Let $X= (X(t); t\ge0)$ be a poisson process with the intensity ($\lambda$ per hour)
A) Find the conditional probability of having $m$ events in the first $t$ hours, given that there were $n$ events in first $T$ hours. (here $0\le m \le n$ and $0<t<T$)
I need someone to check if this is right.
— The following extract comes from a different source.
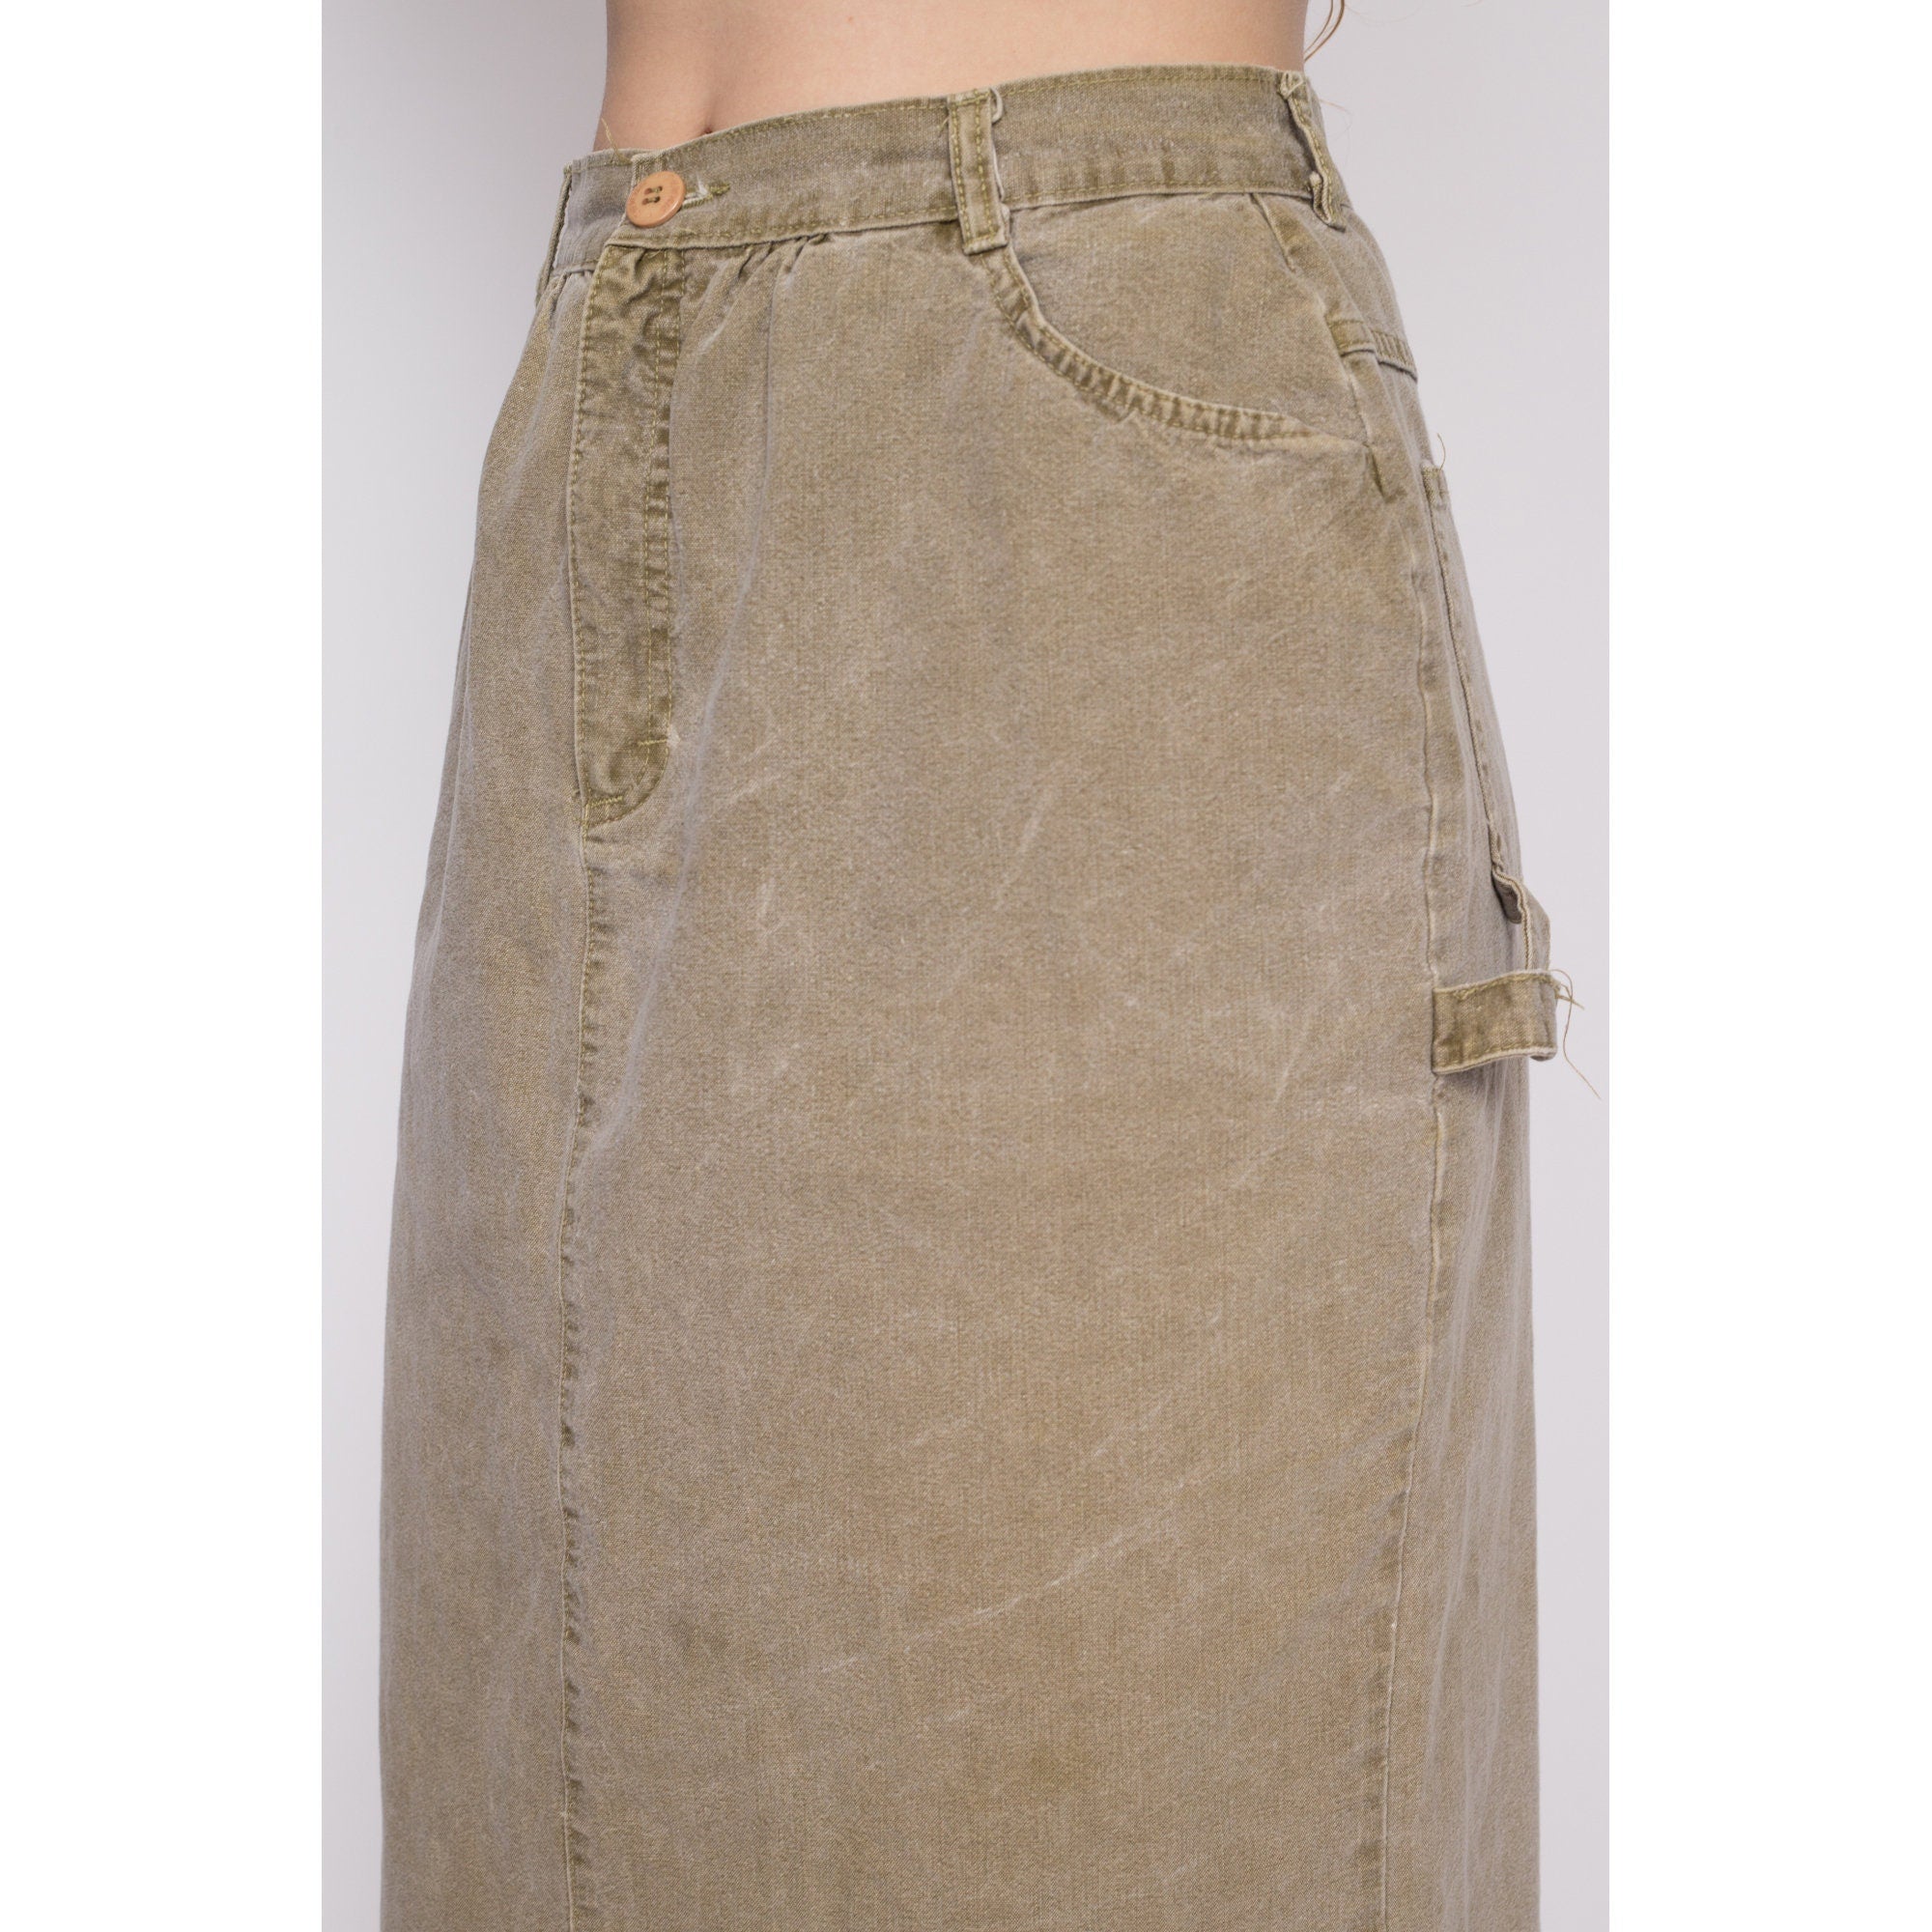 90s Olive Khaki Midi Carpenter Skirt - Medium, 28

$P(m$ events in $t$ hours | $n$ events in $T$ hours) = $P(m$ events in $t$ hours)/$P(n$ events in $T$ hours) =
$$ {((e^{-\lambda t})(\lambda t)^m) }/m! \over {((e^{-\lambda T})(\lambda T)^n) /n!} $$
Any help would be greatly appreciated.
Best Answer
Hint: In order for you answer to be correct you also need to add the following term in the numerator $$\begin{align*}&\phantom{\,\=}P(m \text{ events in $t$ hours | $n$ events in $T$ hours})= \\ \\& =\frac{P(m \text{ events in $t$ hours, $n-m$ events in $T-t$ hours})}{P(n \text{ events in $T$ hours})}=\\\\& =\frac{P(m \text{ events in $t$ hours})\cdot P(n-m \text{ events in $T-t$ hours})}{P(n \text{ events in $T$ hours})}=\ldots\end{align*}$$ Then the formula you used for the poisson distribution is correct. The result should reflect the binomial distribution (see second bullet).